1. Relevant Offer & Clarity of Language
What’s in it for me? Why should I sign up for your newsletter or download your special checklist? You know who your ideal customer is, so make sure that what you are offering is something of interest to him or her. Step into her shoes and ask yourself if this offer is valuable. It’s easier said than done, so read the techniques from the customer research post to wrap your mind around who that person is and what they want.
To take this a step further, I recommend you to consider the clarity in your language and the vision or transformation of an outcome for the ideal customer. There’s a big difference between these two descriptions:
a. “Get the Marketing Plan Template”
b. “Apply this marketing plan to your business and start using the strategies today.”
2. Competitor Research
What tools are your competitors using to gain opt-ins? Some will use bonus giveaways while others use whitepapers, videos, or special reports. Putting yourself in the mindset of that ideal customer again, which of those methodologies are most appealing to you? And what is it about that offering that you like? The more specific you can be the better, so opt-in to your competitor’s email lists to get some insights. You can figure out which tools use and narrow the scope of both your offering and any software needed for it to work.

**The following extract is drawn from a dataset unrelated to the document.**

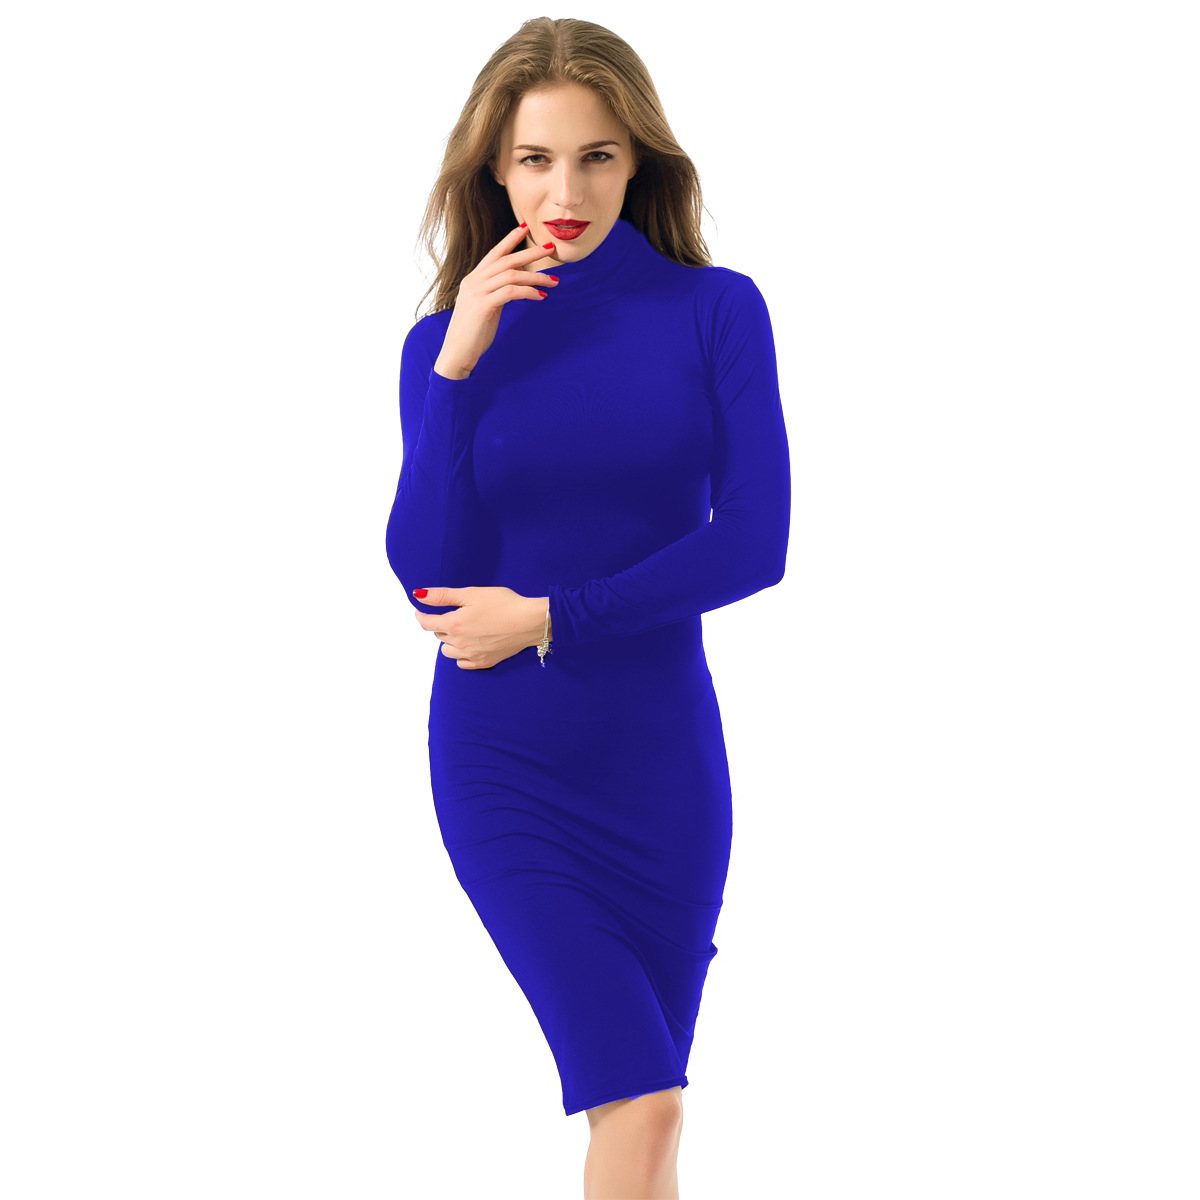 VD8046 blue Amazon /wish hot sale

3. Publish Awesome Content with Extra Materials
Imagine your last blog post – the one you thought was great because people were commenting on it and sharing it with friends on social media. What made it so awesome? First, pinpoint your magic sauce for blog or article content, and then think about how you can take it to the next level. If you had included bonus material, what would make the most sense or be most-useful to your reader? The right (qualified) people will fill out a form with their email address to get that content. And if it’s high-quality content, then they have an increased possibility of wanting your product or service.
Here are a few ideas…
4. Leverage Social Media
The hardest part of getting people opted-in is telling the world you have a website in the first place. In this world of content chaos and 24-hour information cycles where people feel inundated, it is very hard to cut through the clutter. However, it is likely that you’ve been working on your social media presence and you may have an audience reading your posts on a regular basis. Leverage that little bit of power and direct people to your website.
This can be as simple as writing the first few lines of your blog/resource as the post, then cutting it off with “Read More” and linking to the blog / sign-up page itself. I also like the very meta approach of writing about what you just wrote about. For example, I like to publish blog posts and then write an article on LinkedIn about how I wrote that blog post and my lessons learned. Then I link back to the original post. It’s transparent, insightful, and fun to read. The best part is that the approach resonates with my ideal customers.
*Use social media as a listening tool too*
5. Spread the Love
If you’re a great writer who really enjoys the process of writing and publishing, then this next idea may be difficult for you. Guest posts and recurring guest bloggers are a very easy way to take work off of your plate and attract new people to your website. Find someone who is offering a complimentary service or product and talk to him or her about their ideal customer. If you see that there is a crossover between your goals, then you may have just developed the smartest marketing tool yet – a partnership. When another person is willing to promote your blog/website to their followers on social media and email, then you get to reach a whole new audience. And if you are already publishing awesome content and offering ways to opt-in, then this is a no-brainer.
The other approach is to simply re-share or re-post on third-party platforms. I eluded to this idea with the LinkedIn articles, but you can also share your content on multiple platforms. Some are called social bookmarking sites and a few popular spots include Stumbleupon, Digg, Tumblr, Suggy, Reddit, and Folkd. If you would rather republish your content, then consider using Medium, SteemIt, or Huffington Post. And there’s a pretty good article from the folks at OnPage called Republishing, a Practical Guide.